Search code examples
pythonbeautifulsoupscrapyweb-crawlerscrapy-shell

scrapy shell appears different as user interface, portion of the website is not scrapeable


The problem is I cannot scrape portion of website. If I use Chrome devmode, I cannot copy the correct position, either in xpath or selector.

I would get correct path for other tabs or divs for example the body header: body > div.header.home-header > div

whereas when I'm trying to get the tab with information I want, I only got: #htmlContent. If I write it manually it should be: body > div.main.main-top.seach-boxstyle > div > div > div.recommend-product-wrap.produc-text > div > div.recommend-product, but that returned a empty list.

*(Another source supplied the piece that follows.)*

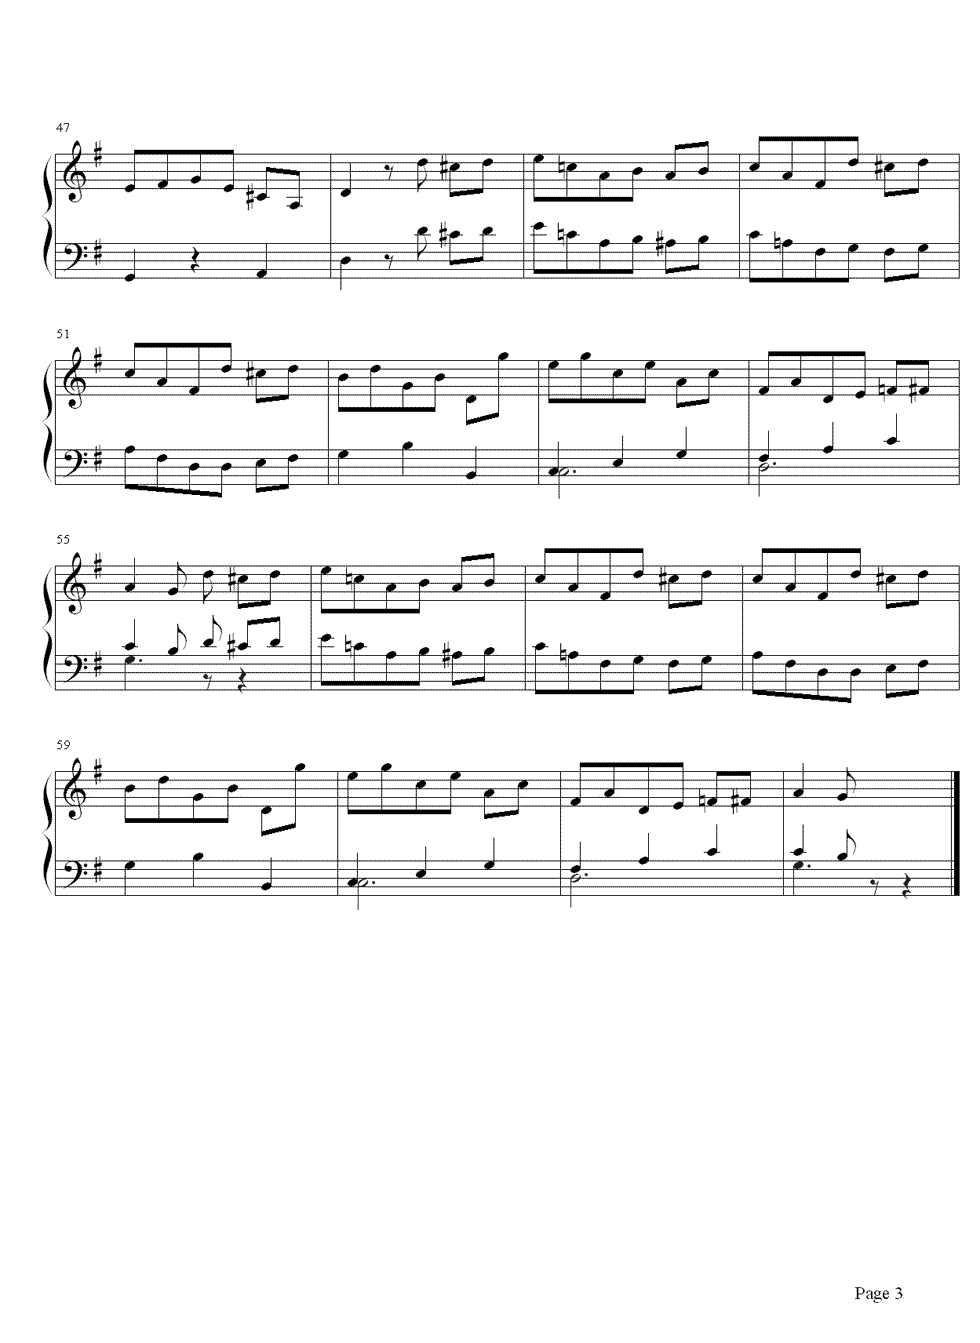 小步舞曲钢琴谱 贝多芬众多小步舞曲中最著名的作品3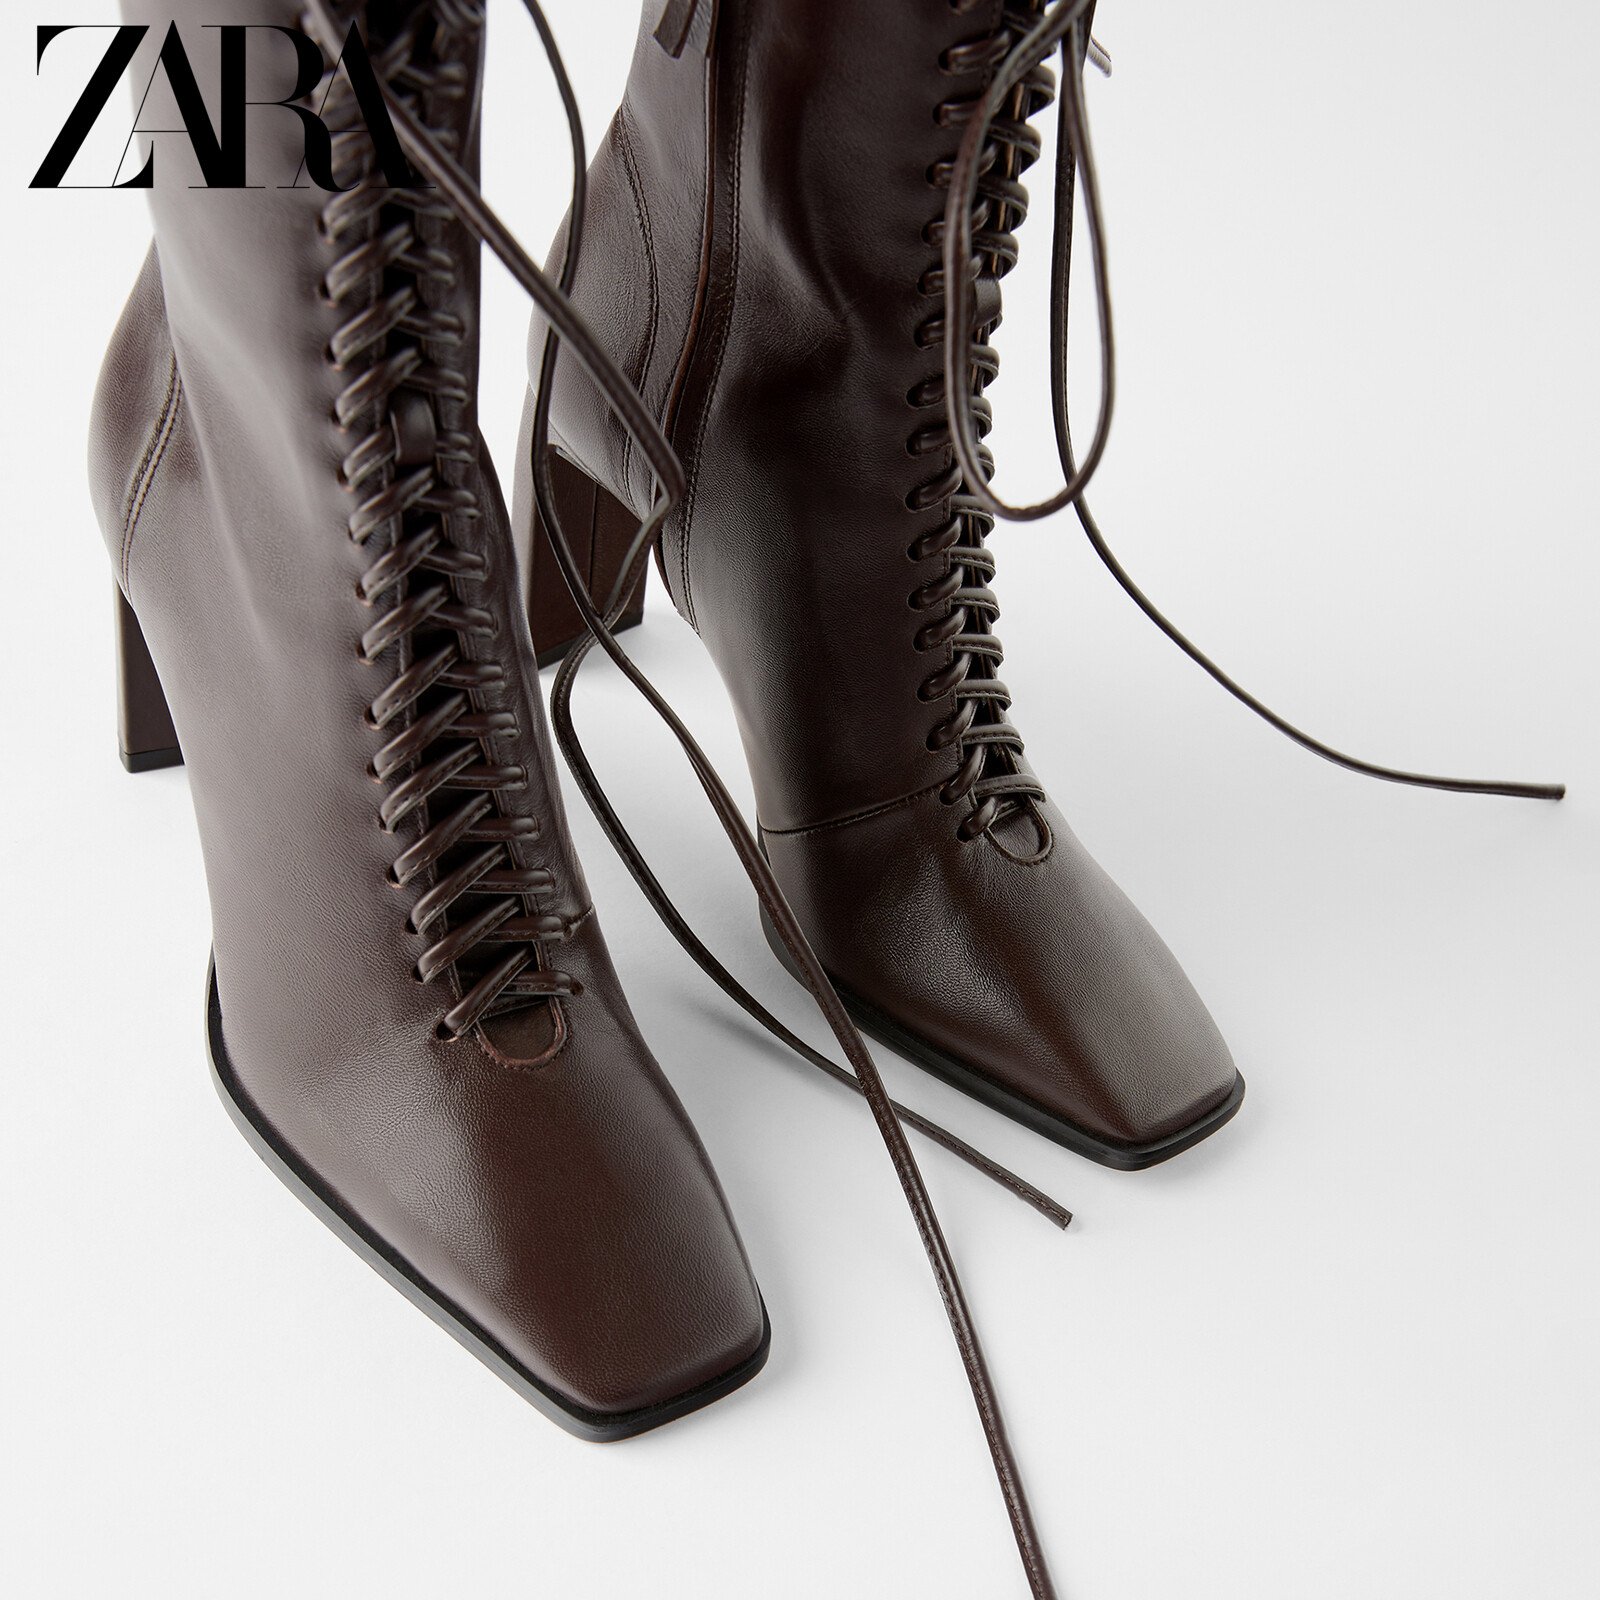 Кожаная шнуровка купить. Zara ботинки на шнуровке. Сапоги Эконика на шнуровке. Ботильоны Zara 2021.

I'm thinking about if someone make the whole session cited so I cannot scrape, or it's another issue. The URL is in Chinese though: http://www.usewealth.com/Product/More.aspx?productDisplay=isArticle

I'm trying to help a company to scrape its own recommended swaps list, whereas the list is not appear in any way.


Solution

  • The problem is that the page renders its content dynamically using JavaScript. Scrapy itself doesn't run JavaScript, it only downloads the HTML source of the page, thus the dynamic content is not there. There are basically two options what to do in such case. Either render the page using some headless browser (e.g. Selenium or Splash) and let Scrapy parse the rendered result. From my experience, I would recommend using Splash because it's more reliable and the integration with Scrapy is seamless using scrapy-splash library.

    The other option is to use browser's developer tools to look if the page doesn't use an API to get the data (which JavaScript then renders on the page). This seems to be the case with the website you are trying to scrape. Looking into Chrome developer tools (network tab and then XHR requests), I see POST requests to this URL:

    http://www.usewealth.com/Action/ProductAJAX.ashx
    

    It returns a JSON response which seems to contain all the needed data and which you can parse using standard json library.